** Provided material follows **

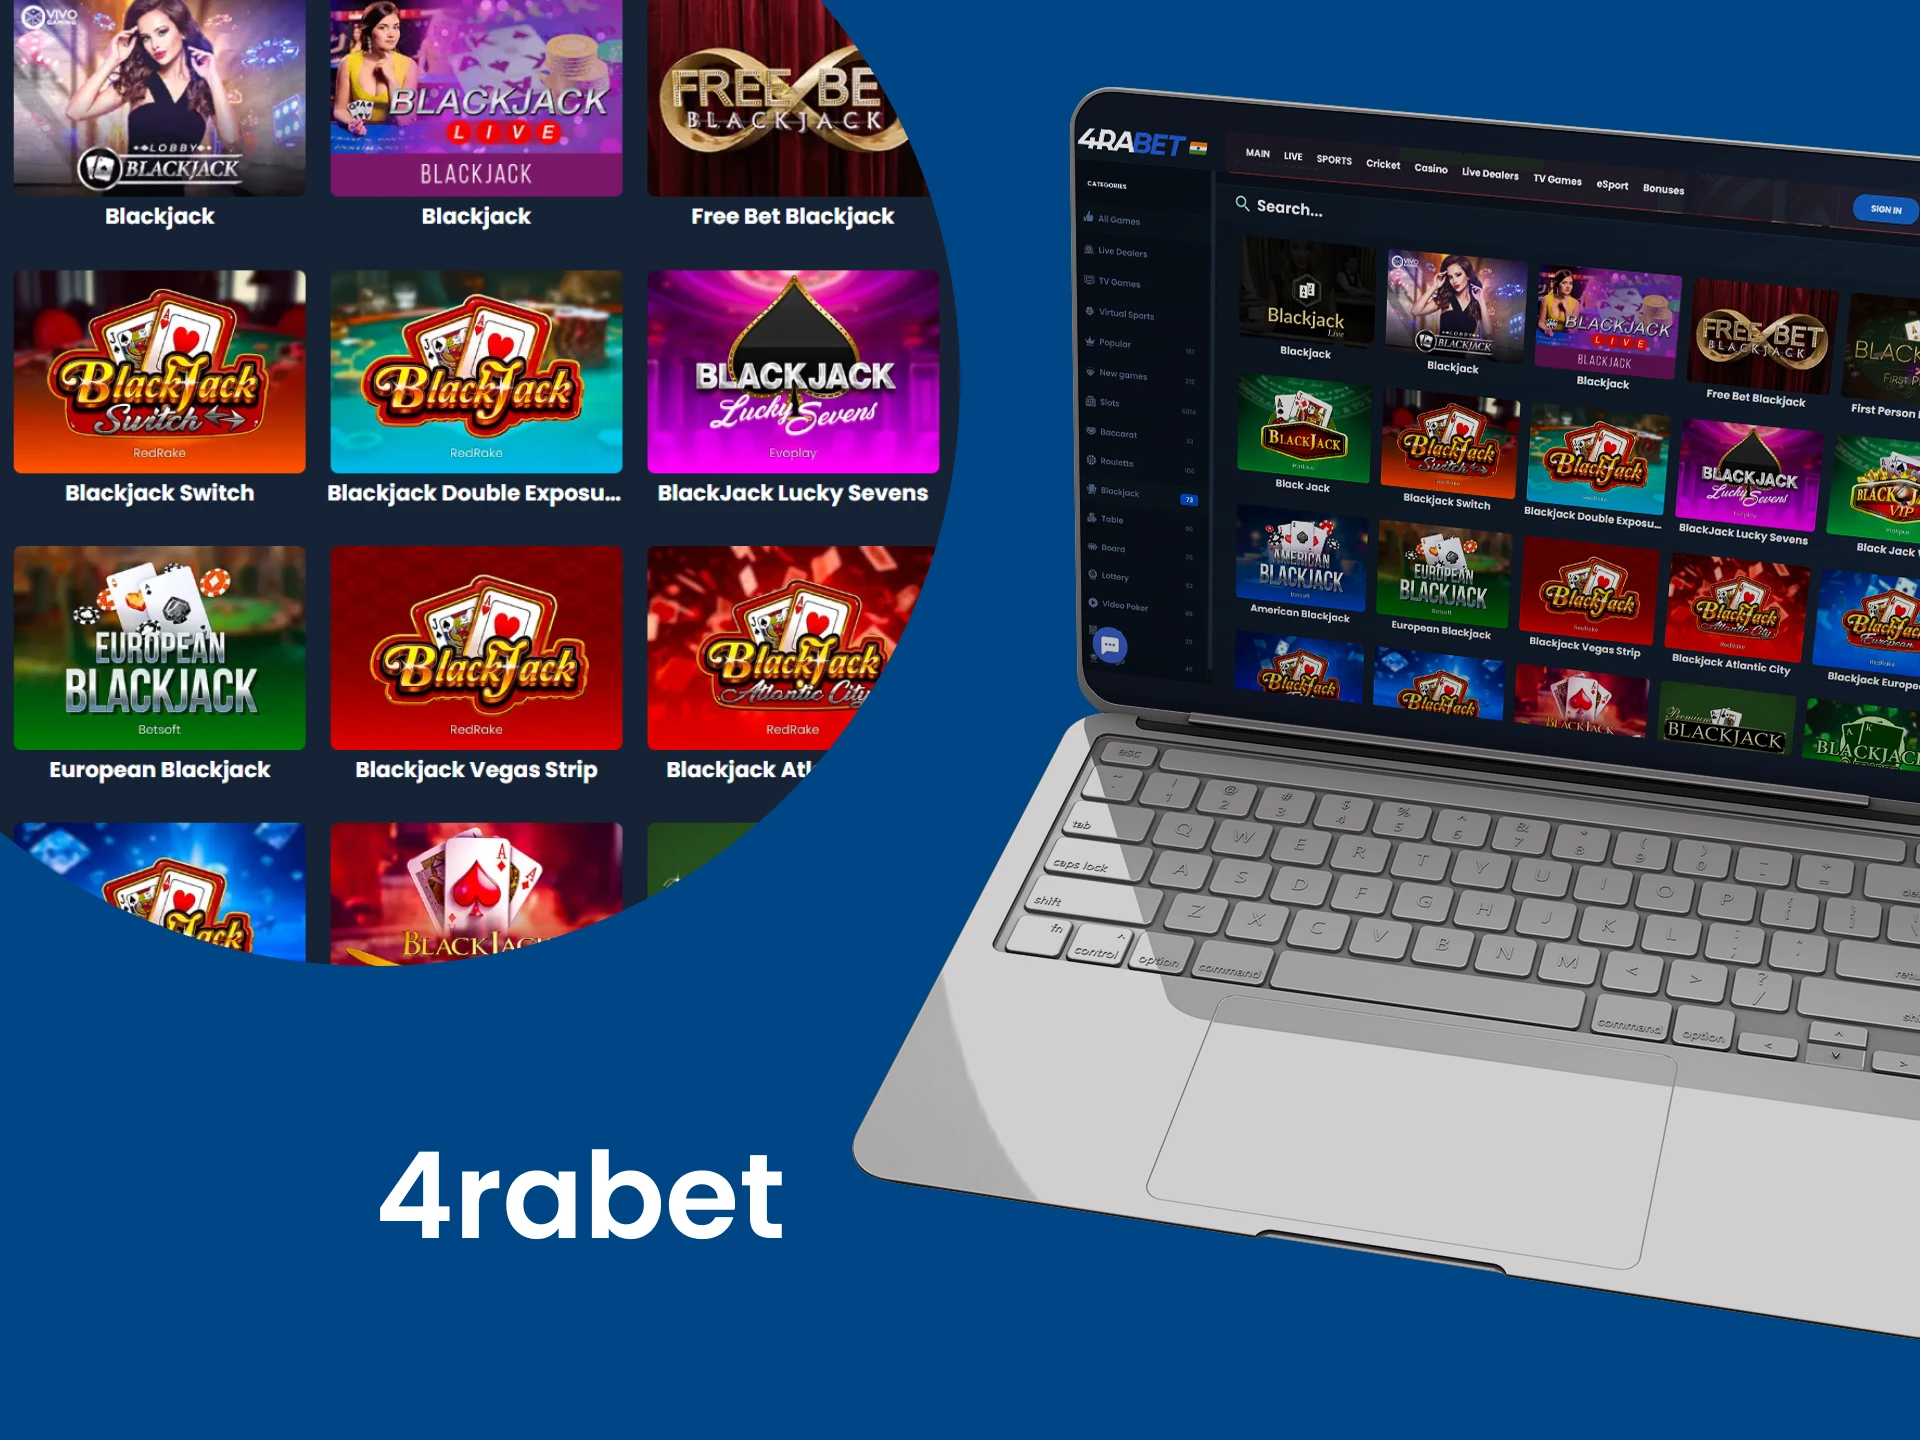 Choose from different types of table blackjack games at 4rabet.
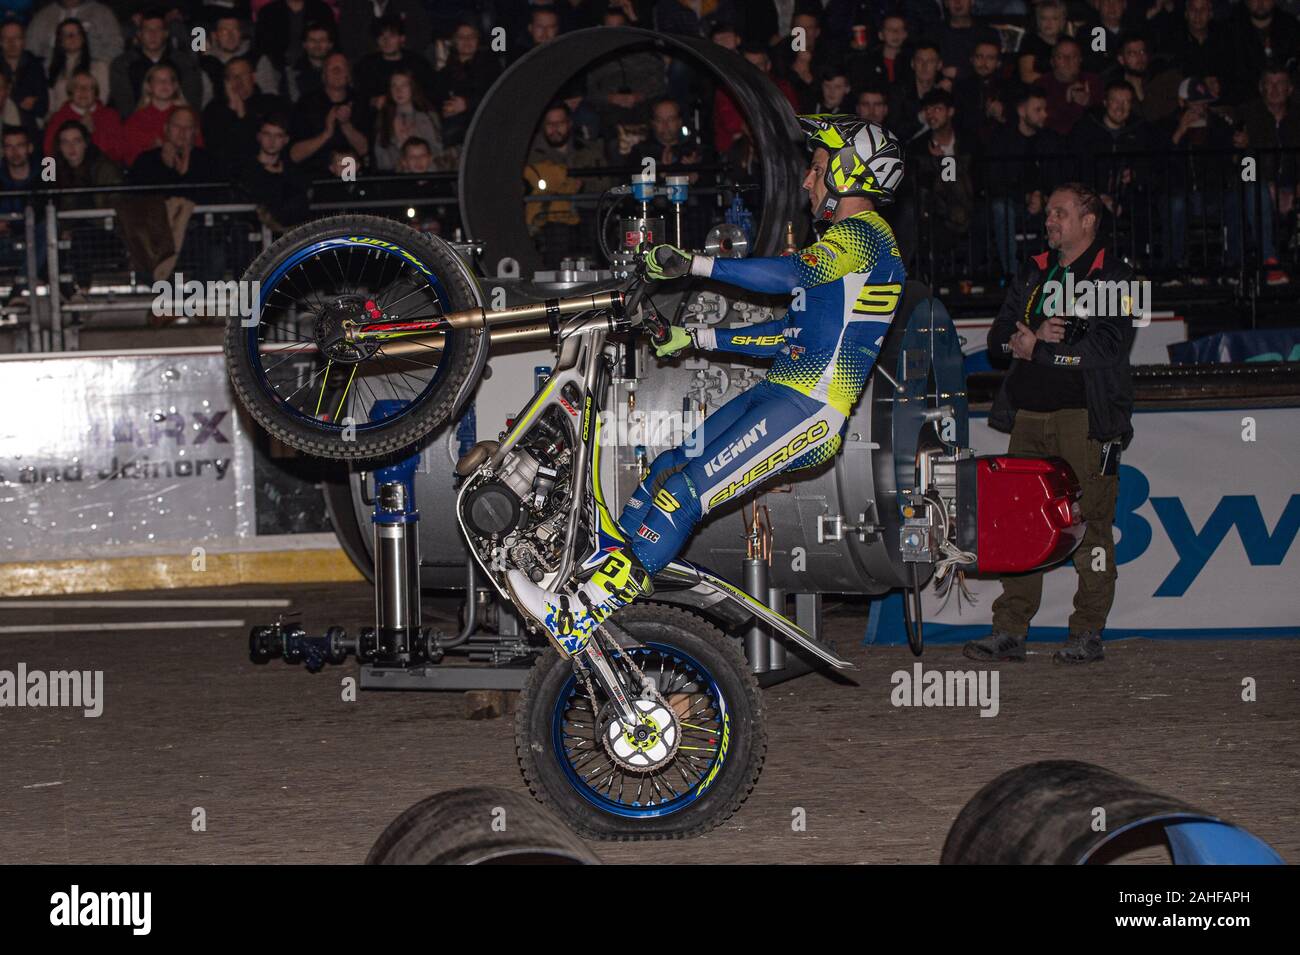 SHEFFIELD, ENGLAND - DECEMBER 28TH Jeroni Fajardo, Spain (Sherco) makes his entrance during the 25th Anniversary Sheffield Indoor Trial at the FlyDSA Arena, Sheffield on Saturday 28th December 2019. (Credit: Ian Charles | MI News) Credit: MI News & Sport /Alamy Live News Stock Photo
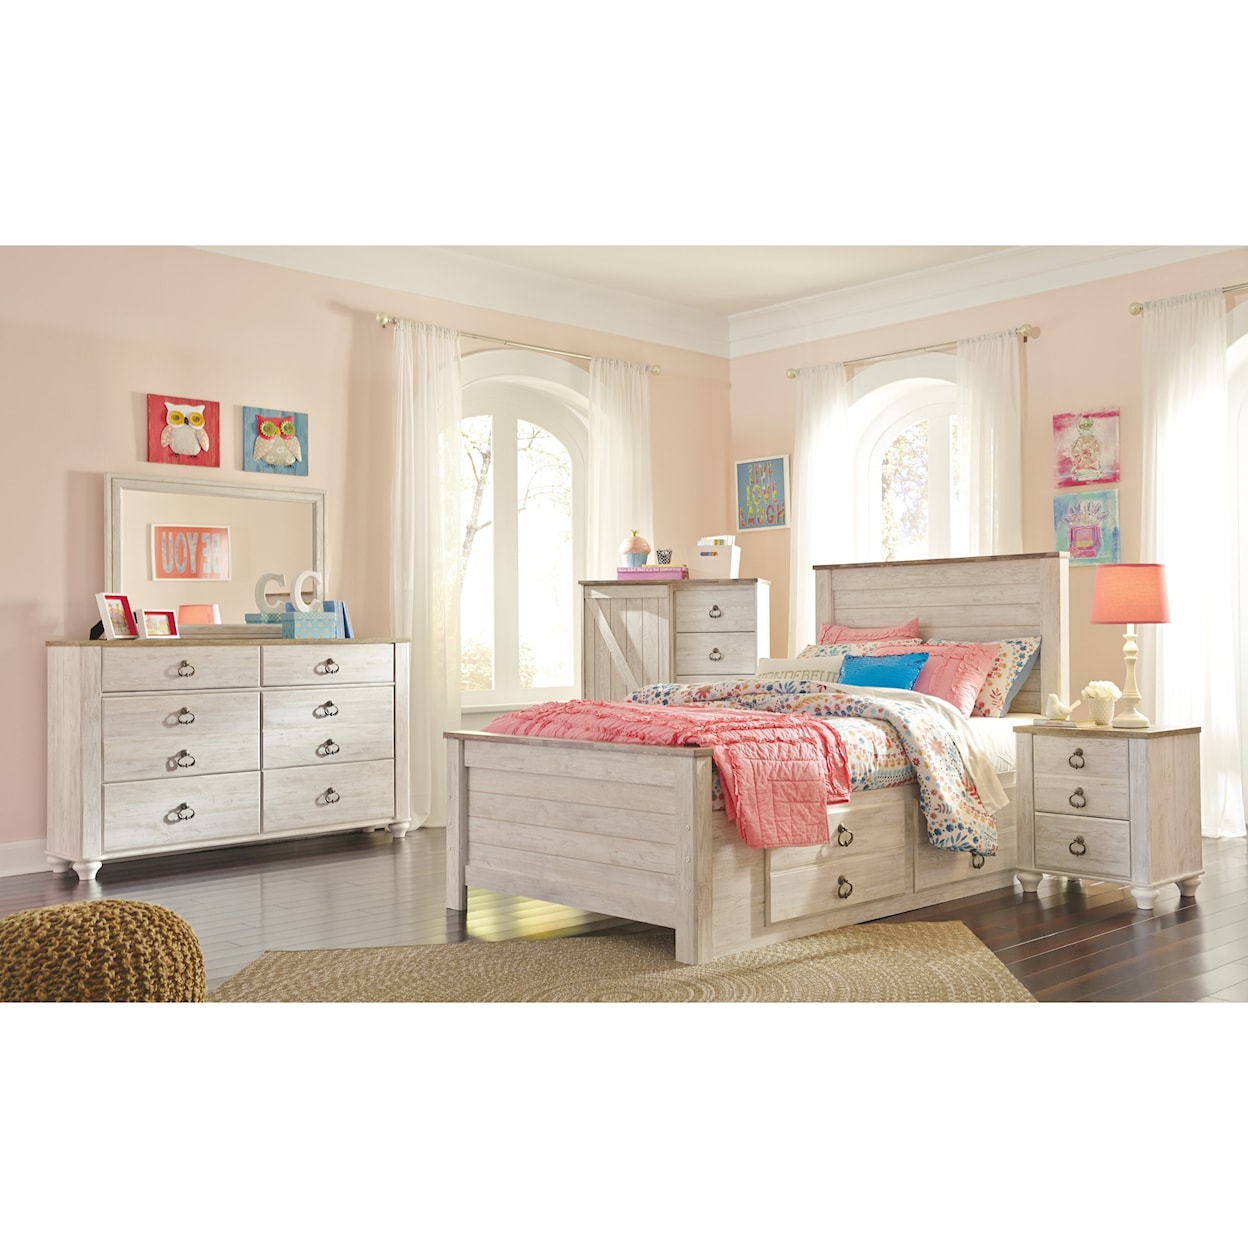 Signature Design by Ashley Willowton Full Bed with Underbed Storage Drawers

** End of Provided material **

#### What you will do
Please output the listing above in full, exactly as given, without its images.

#### Result of this task
 Choose from different types of table blackjack games at 4rabet.
 SHEFFIELD, ENGLAND - DECEMBER 28TH Jeroni Fajardo, Spain (Sherco) makes his entrance during the 25th Anniversary Sheffield Indoor Trial at the FlyDSA Arena, Sheffield on Saturday 28th December 2019. (Credit: Ian Charles | MI News) Credit: MI News & Sport /Alamy Live News Stock Photo
 Signature Design by Ashley Willowton Full Bed with Underbed Storage Drawers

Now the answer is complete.